> _Exercise requirements_
The reply should match the listing below character for character, except that no image is carried over.

> _Raw data_
== == ==

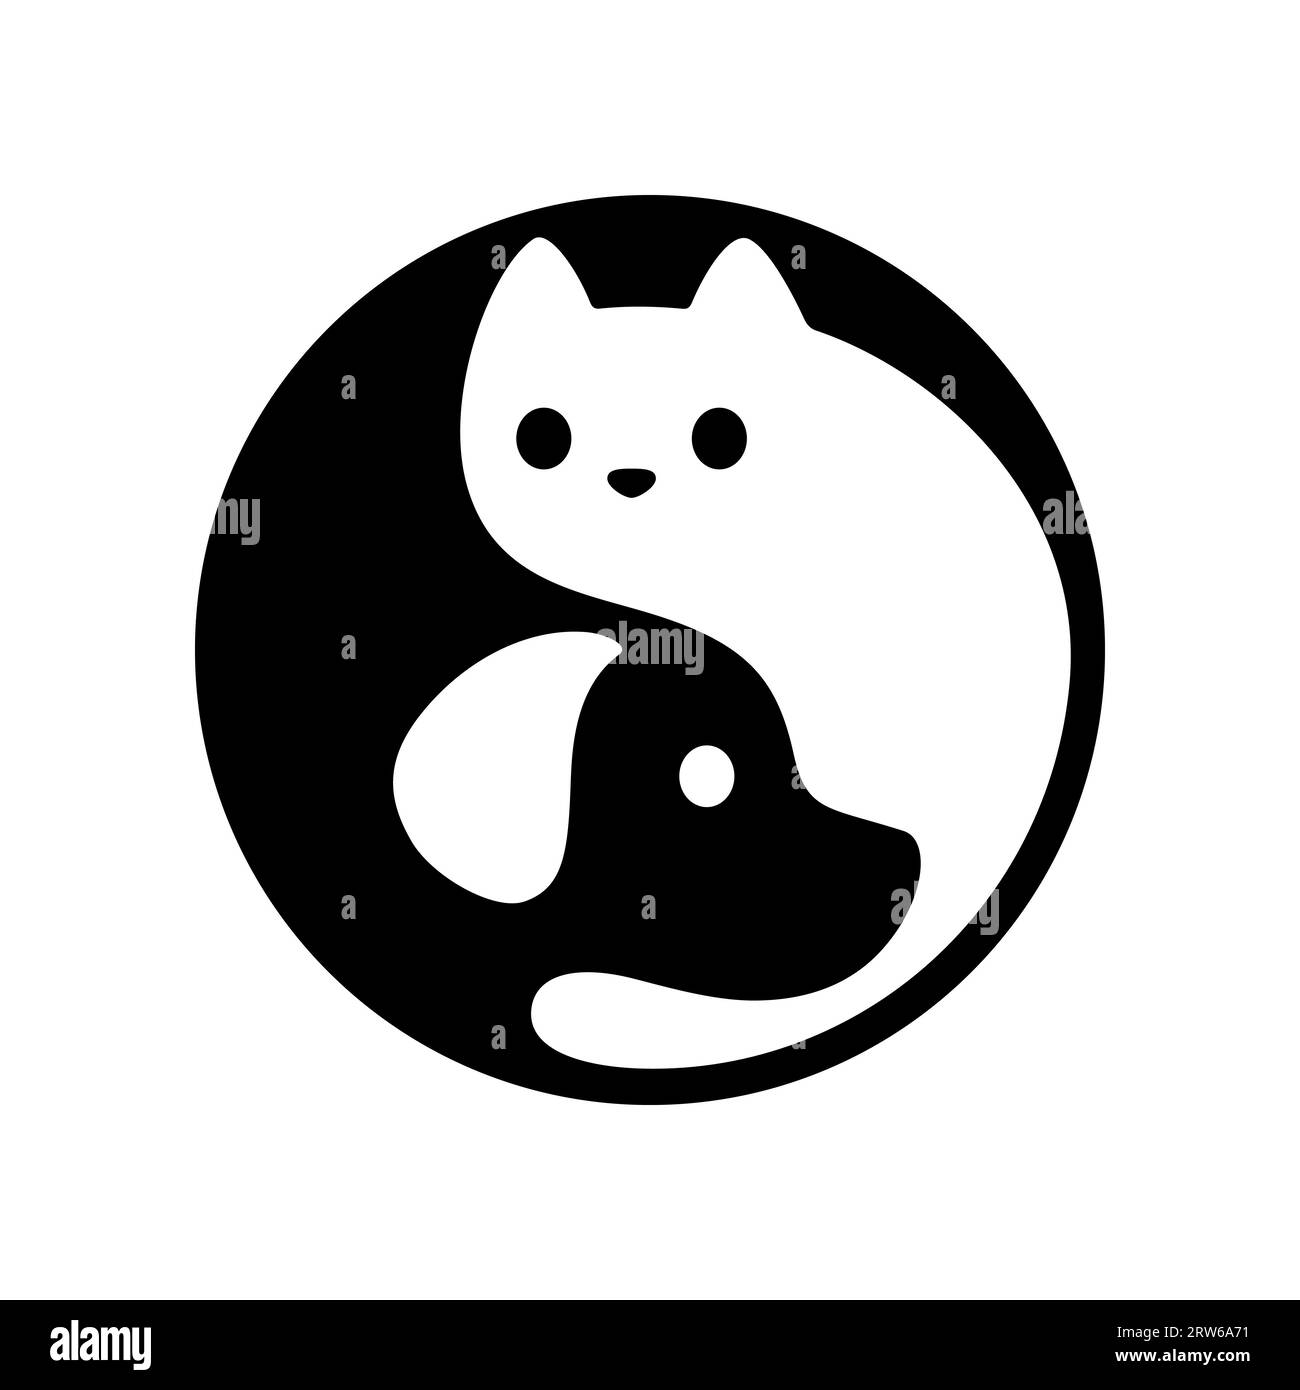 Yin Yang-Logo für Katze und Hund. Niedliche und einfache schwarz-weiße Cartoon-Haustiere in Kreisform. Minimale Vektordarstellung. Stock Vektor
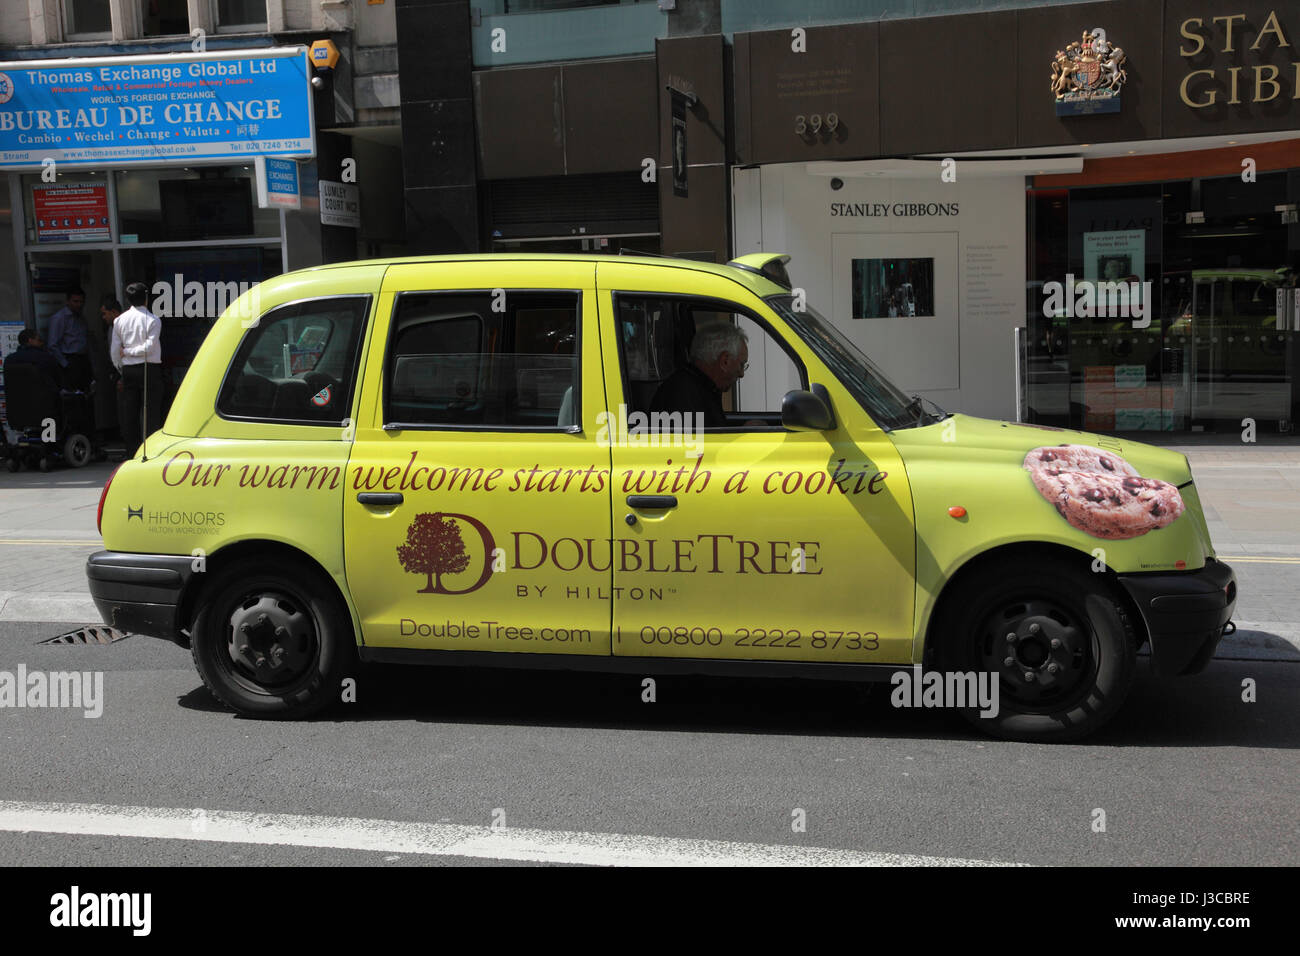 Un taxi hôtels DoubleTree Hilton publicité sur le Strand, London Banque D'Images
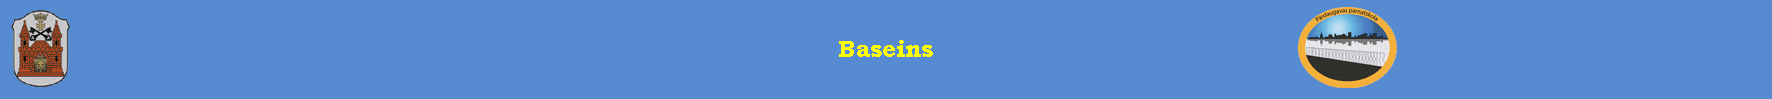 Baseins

== == ==

> _Answer area_
 Yin Yang-Logo für Katze und Hund. Niedliche und einfache schwarz-weiße Cartoon-Haustiere in Kreisform. Minimale Vektordarstellung. Stock Vektor
 Un taxi hôtels DoubleTree Hilton publicité sur le Strand, London Banque D'Images
 Baseins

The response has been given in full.